AWS Infrastructure Deployment

This repository provides a step-by-step guide to deploying a simple and scalable web application infrastructure on AWS using Terraform. The setup includes essential AWS services, ensuring high availability and automated scaling.

Overview

This project sets up a simple infrastructure on AWS using Terraform. The infrastructure includes a Virtual Private Cloud (VPC), subnets, an Internet Gateway, security groups, EC2 instances, an Elastic Load Balancer (ELB), and an Auto Scaling Group (ASG). The goal is to deploy a web application in a secure and scalable manner.

UML Diagram

The following UML diagram illustrates the structure of the AWS infrastructure deployed:

Infrastructure Explanation

The infrastructure setup includes the following components:

• VPC: A Virtual Private Cloud to provide an isolated environment.
• Subnets: Distributed across multiple availability zones for high availability.
• Security Groups: To control inbound and outbound traffic.
• EC2 Instances: Virtual servers to host the web application.
• Elastic Load Balancer: To distribute incoming traffic across multiple EC2 instances.
• Auto Scaling Group: To automatically adjust the number of EC2 instances based on demand.

Setup and Installation

Important

Follow these steps to set up and deploy the infrastructure.

Prerequisites

• AWS Account with the necessary permissions.
• AWS CLI configured with your credentials.
• Terraform installed on your local machine.

Installation Steps

1. Clone the repository:

   git clone https://github.com/Danielkis97/Host-a-simple-webpage-on-AWS.git
   cd Host-a-simple-webpage-on-AWS

2. Set up AWS credentials: Edit the terraform.tfvars file with your specific AWS configurations:

   aws_access_key = "your-access-key"
   aws_secret_key = "your-secret-key"
   region         = "eu-north-1"
   ami            = "ami-079c4d86630be4b6a"
   instance_type  = "t3.micro"
   key_name       = "your-key-name"
   vpc_id         = "your-vpc-id"
   
   

Warning

Do not commit your terraform.tfvars file to version control as it contains sensitive information.

3. Initialize Terraform:

   terraform init

4. Create an execution plan:

   terraform plan

5. Apply the execution plan to deploy the infrastructure:

   terraform apply

6. Destroy the infrastructure (optional):

   terraform destroy

Using the Infrastructure

Once deployed, the infrastructure will include:

• Publicly accessible EC2 instances: Running the web application.
• Load Balancing: Managed by the Elastic Load Balancer to handle incoming traffic.
• Automatic Scaling: Managed by the Auto Scaling Group to handle varying levels of traffic.

Running Tests

To ensure that the infrastructure is functioning correctly, you can manually access the EC2 instances via the Load Balancer's DNS name and verify the web application's availability.

Directory Structure

• autoscaling.tf: Defines the Auto Scaling Group and scaling policies to automatically adjust the number of EC2 instances based on load.
• data.tf: Manages external data sources, such as retrieving information about AWS availability zones.
• ec2.tf: Configures the EC2 instances, including their launch templates and security groups.
• elastic_load_balancer.tf: Configures the Elastic Load Balancer, including its listener, target groups, and health checks.
• launch_template.tf: Defines the launch template for EC2 instances, including AMI, instance type, and user data scripts.
• main.tf: Main configuration file for setting up the AWS infrastructure.
• outputs.tf: Specifies the outputs of the Terraform run, such as the public IP of the EC2 instances and the DNS name of the Load Balancer.
• variables.tf: Defines all the variables used in the project, such as AMI IDs, instance types, and region.
• terraform.tfvars: Contains the actual values for the variables defined in variables.tf, such as AWS credentials and specific resource IDs.

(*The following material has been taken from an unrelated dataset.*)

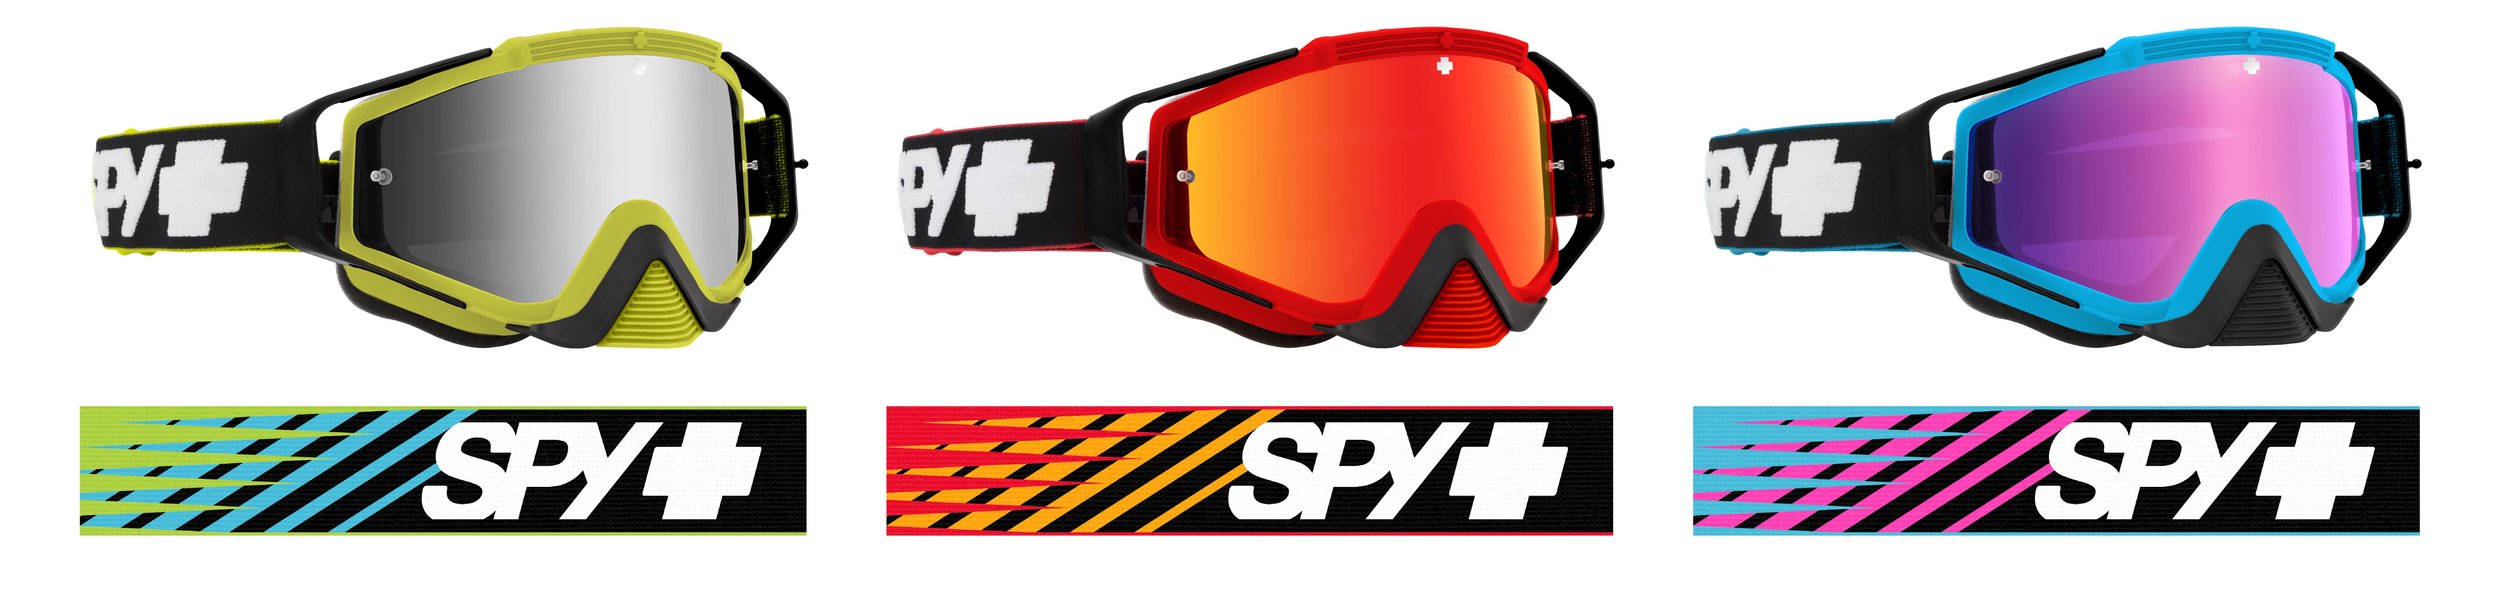 22-Website-Spy-Mx-Goggles-Slash-Series.jpg

Possible Bugs and Solutions

• Resource Name Conflicts:

  • Scenario: If you try to deploy the infrastructure more than once without cleaning up the previous setup, you might run into issues where resources have the same name.
  • Solution: Add unique identifiers (like random strings or environment-specific names) to your resource names to avoid these conflicts.

• Hitting AWS API Limits:

  • Scenario: If you create or delete a lot of resources quickly, you might hit AWS’s limits on how many requests you can make.
  • Solution: Slow down your Terraform runs or add retry logic to avoid overwhelming the AWS API.

• Invalid AWS Credentials:

  • Scenario: If your AWS credentials are wrong or have expired, Terraform commands won’t work properly.
  • Solution: Double-check that your terraform.tfvars file has the correct credentials or set up your credentials using environment variables to keep them secure.

Examples

Here’s how you might interact with the deployed infrastructure:

• Access the Web Application: After the infrastructure is deployed, navigate to the Load Balancer's DNS name in your web browser to view the web application.

• Scale the Application: Trigger scaling by simulating high CPU usage on the EC2 instances, and observe how the Auto Scaling Group adjusts the number of running instances.

Tip

Keep your Terraform state files secure, especially if you're working in a shared environment.

Development Environment

The Terraform code for this project was developed using PyCharm, ensuring a smooth and efficient coding experience. If you're looking for a powerful IDE to work with Terraform, PyCharm is a great choice.

Happy Terraforming and Testing! 🚀